Archive for the ‘Research and Health’ Category
There is a fascinating recent study from Finland on pairs of identical twins with very different exercise habits. This is unusual because widely divergent behavior patterns between identical twins are uncommon. There were some pretty striking differences in thinks like exercise capacity, metabolism and even brain structure in the active vs. inactive twins showing that even when the “genes are the same” behavior can really make a difference. The details of the paper were beautifully summarized by Gretchen Reynolds in the New York Times with some excellent insights from the authors of the paper included in her article. Some additional thoughts about what this all means are available in an excellent commentary by Alex Hutchinson in Runner’s World.
This study and the outstanding pieces by Gretchen and Alex reminded me of a paper from the early 1980s on the different physiological adaptations to strength and endurance training. The paper included the pictures below of identical twin brothers. One was an endurance runner, the other a weight lifter.
The picture speaks for itself. The lifter was 16kg (35 lbs) heavier than the runner, but the runner’s heart was about 25% larger and his maximal oxygen uptake more than 50% greater than his brother’s. Of note, the height of the brothers and things like their hair patterns are strikingly similar. For those who want to know more about the strengths and limitations of twin studies and what can be inferred from them here is an informative link.
That such big differences in physiology can be seen in people who have “identical” genes is pretty convincing evidence that for many things our genes are not our destiny.
One of the ideas riding the wave of enthusiasm for precision medicine is that with enough big data it should be possible to make increasingly accurate “forecasts” about who gets what disease and how it might be prevented, treated or even “cured”. An analogy to precision weather forecasting and climatology is frequently drawn. Cynicism aside about just how good weather forecasting is and how much it has improved, there are a couple of basic intellectual issues with the comparison that are typically glossed over by advocates of the analogy.
Problem 1: The Nature of the Data
Weather data includes things like continuously monitored surface temperature and wind patterns over essentially most of the world. Some of the data is very granular with high spatial and temporal resolution. Things like pressure measurements, above ground temperatures, below ground temperatures, satellite photos, and information on things like humidity are available. There is also a vast store of historical records dating back 100 or more years in many places. This type of multilevel, highly accurate data with essentially continuous time resolution is simply not available even in the most monitored humans living in the real world even with the best monitors. The accuracy of various wearable devices, the granularity of the data, and the historical information they provide pales in comparison to the available weather related data. As someone who has been making some the most detailed possible measurements of human physiology since the late 1970s, things have been miniaturized and made portable, but the quality of the data has not improved and in many ways has gotten sloppier or at least harder to calibrate.

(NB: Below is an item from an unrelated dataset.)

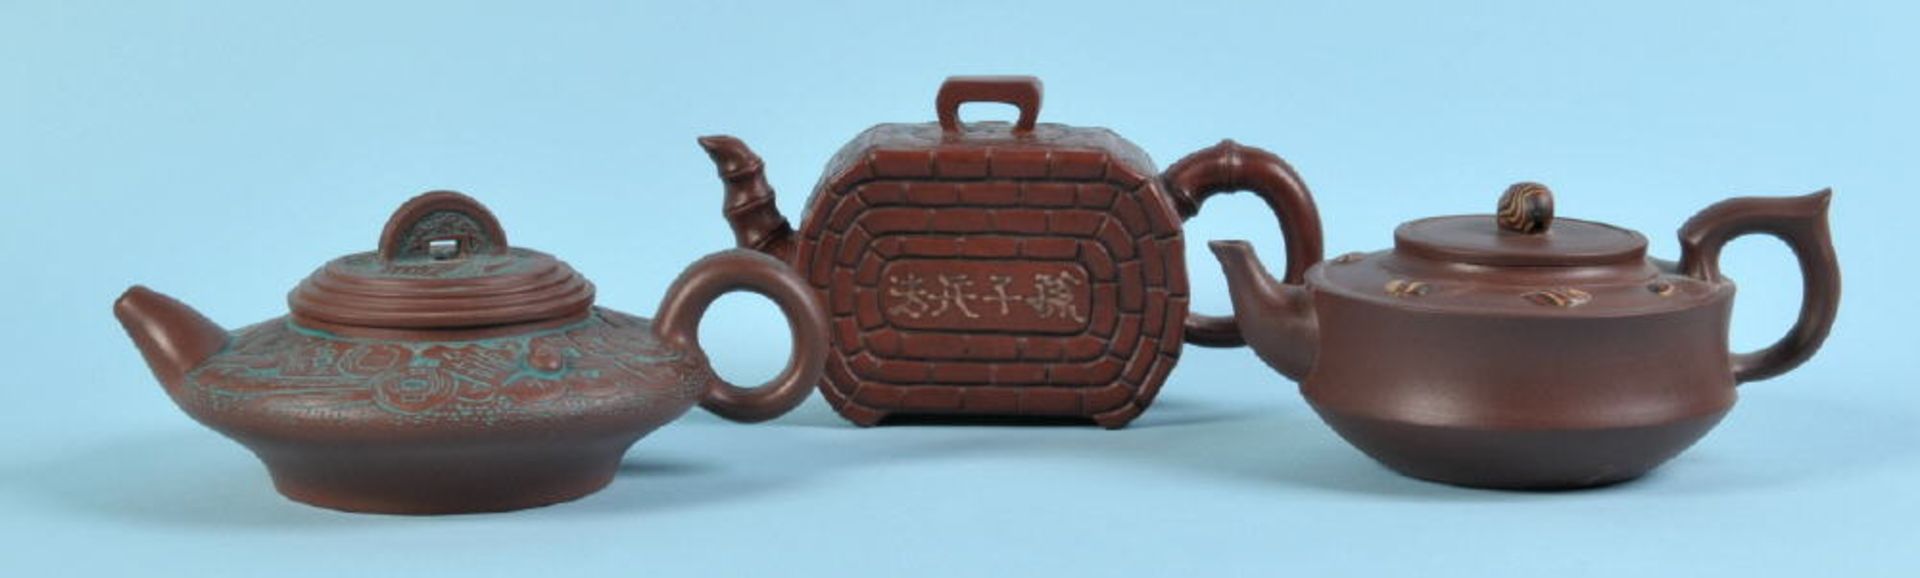 Teekännchen, 3 Stückbrauner Yixing-Ton, versch. Formen u. strukturierte Dekors, H= 7-9 cm, China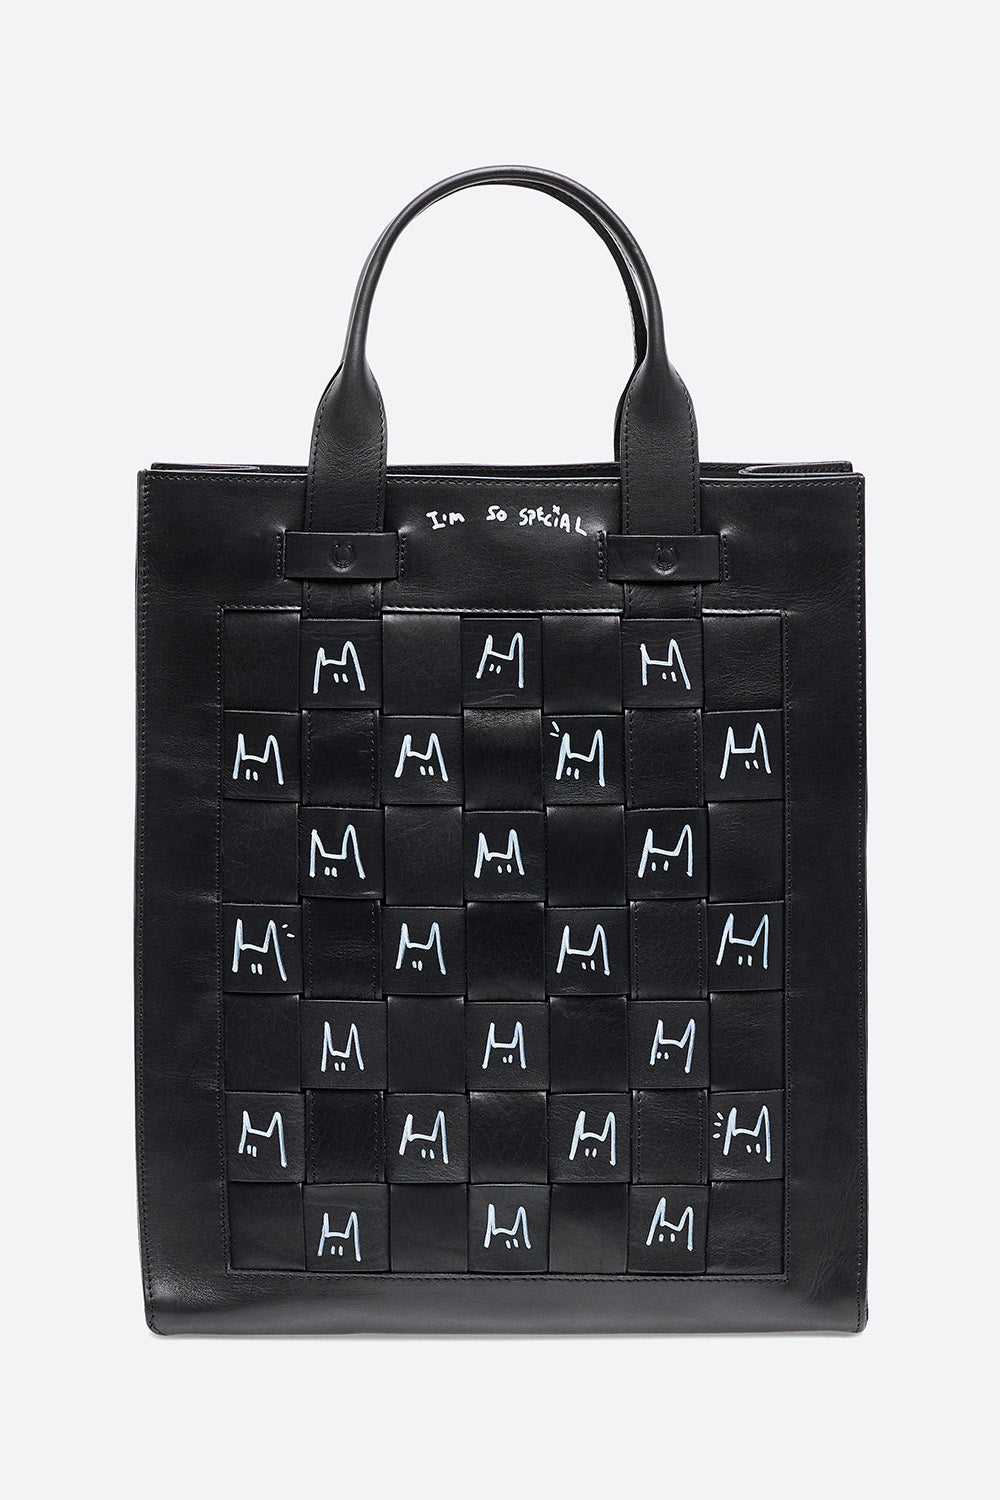 MIAMI Black Leather Monogram Tote Bag with Scarf

Problem 2: Predicting What?
The other thing to remember is that with weather prediction the goal is to predict what it is going to be like “outside” in a given place on a given day at a given time. Precision weather forecasting does not tell us anything about the temperature and humidity inside “your house” much less inside a given room inside the house. To make that sort of estimate all sorts of additional information is needed about the size of the house, the surface area exposed to the outside world, the heating and cooling system, how insulated the house is, how good the thermostat is etc., etc, etc… Then there is always the possibility that a window is open or that on a cold day you choose to wear a sweater and reduce the temperature “set-point” on the thermostat. The same issues also apply to a given room the house.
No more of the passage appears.